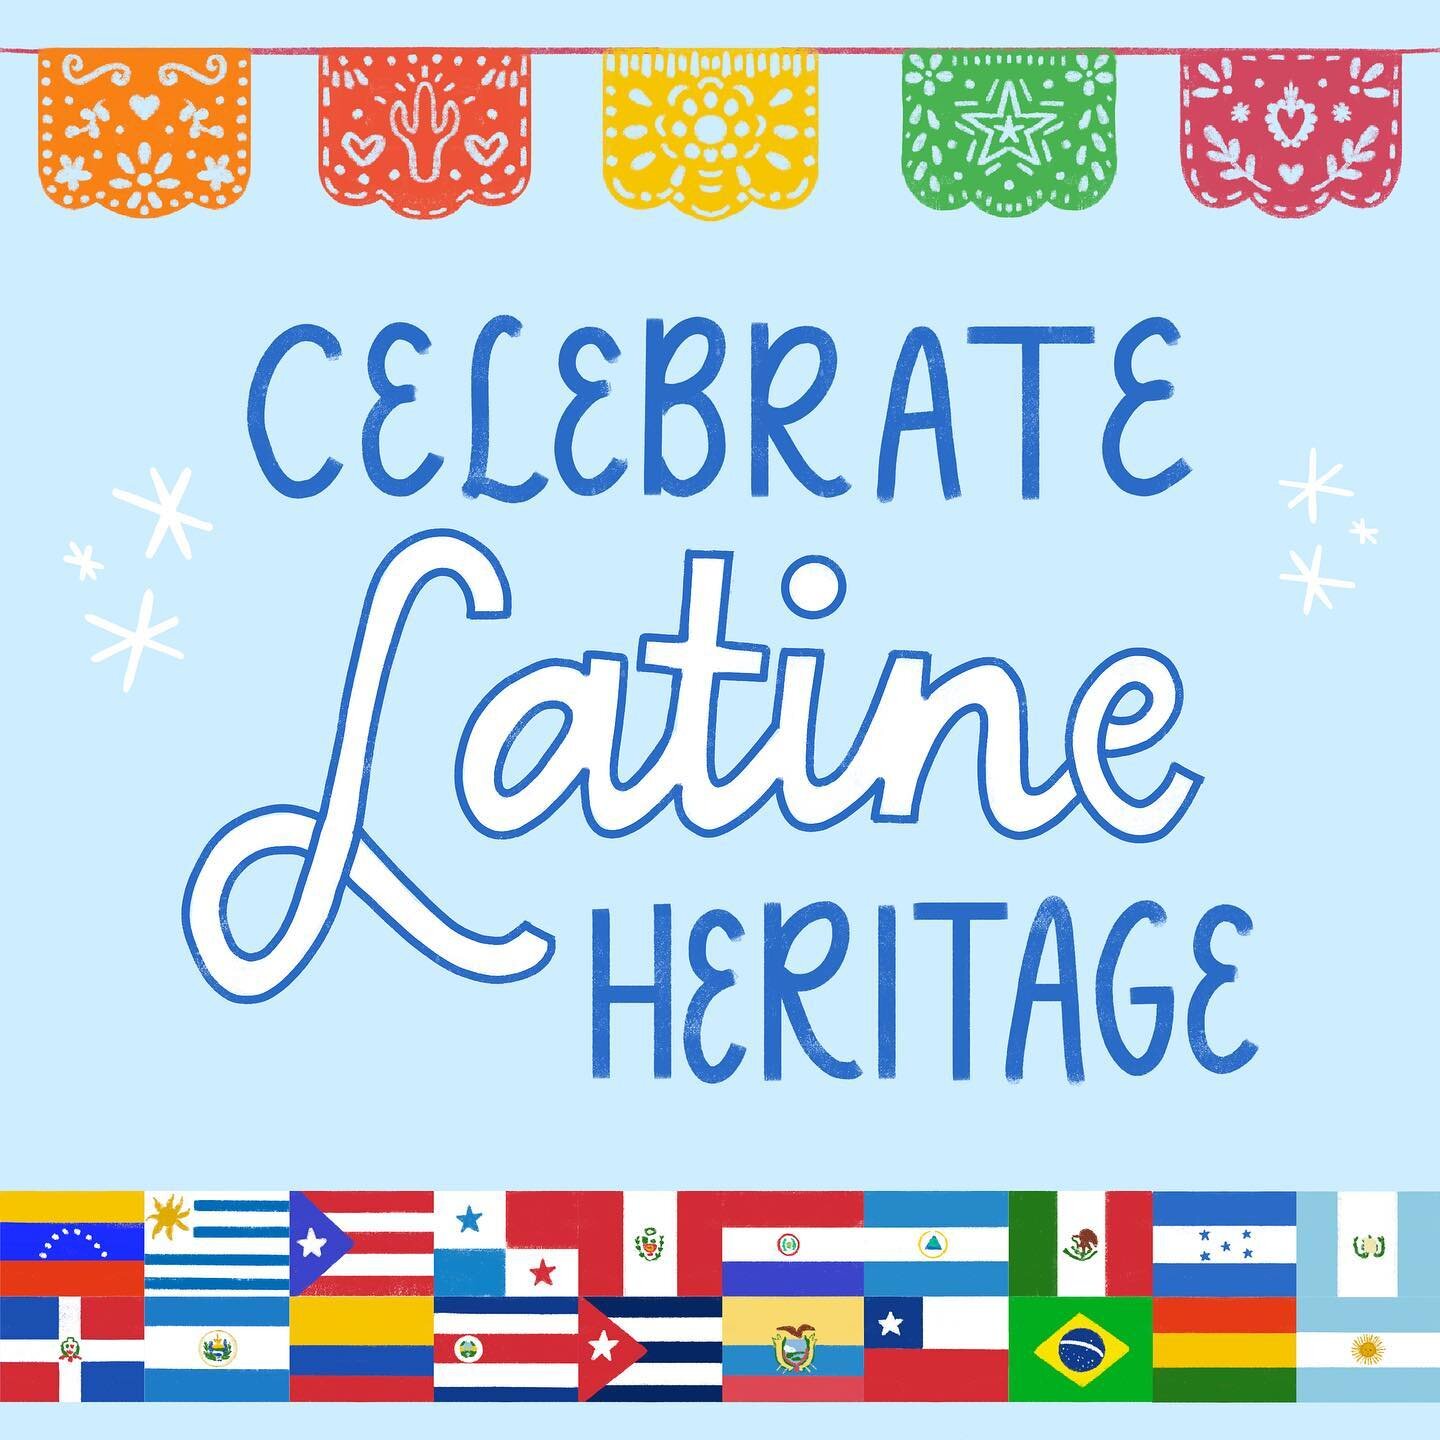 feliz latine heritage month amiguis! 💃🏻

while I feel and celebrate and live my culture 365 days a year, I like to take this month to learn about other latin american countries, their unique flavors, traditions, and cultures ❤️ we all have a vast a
——
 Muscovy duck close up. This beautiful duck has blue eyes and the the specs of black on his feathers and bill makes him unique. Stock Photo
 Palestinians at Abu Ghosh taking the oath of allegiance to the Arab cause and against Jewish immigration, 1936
——
**TASK PROMPT**
Please give an exact copy of the entries above, from the line with "Muscovy duck close" down to the line with "Palestinians at Abu", inclusive, and nothing else.

**PROBLEM SOLUTION**
 Muscovy duck close up. This beautiful duck has blue eyes and the the specs of black on his feathers and bill makes him unique. Stock Photo
 Palestinians at Abu Ghosh taking the oath of allegiance to the Arab cause and against Jewish immigration, 1936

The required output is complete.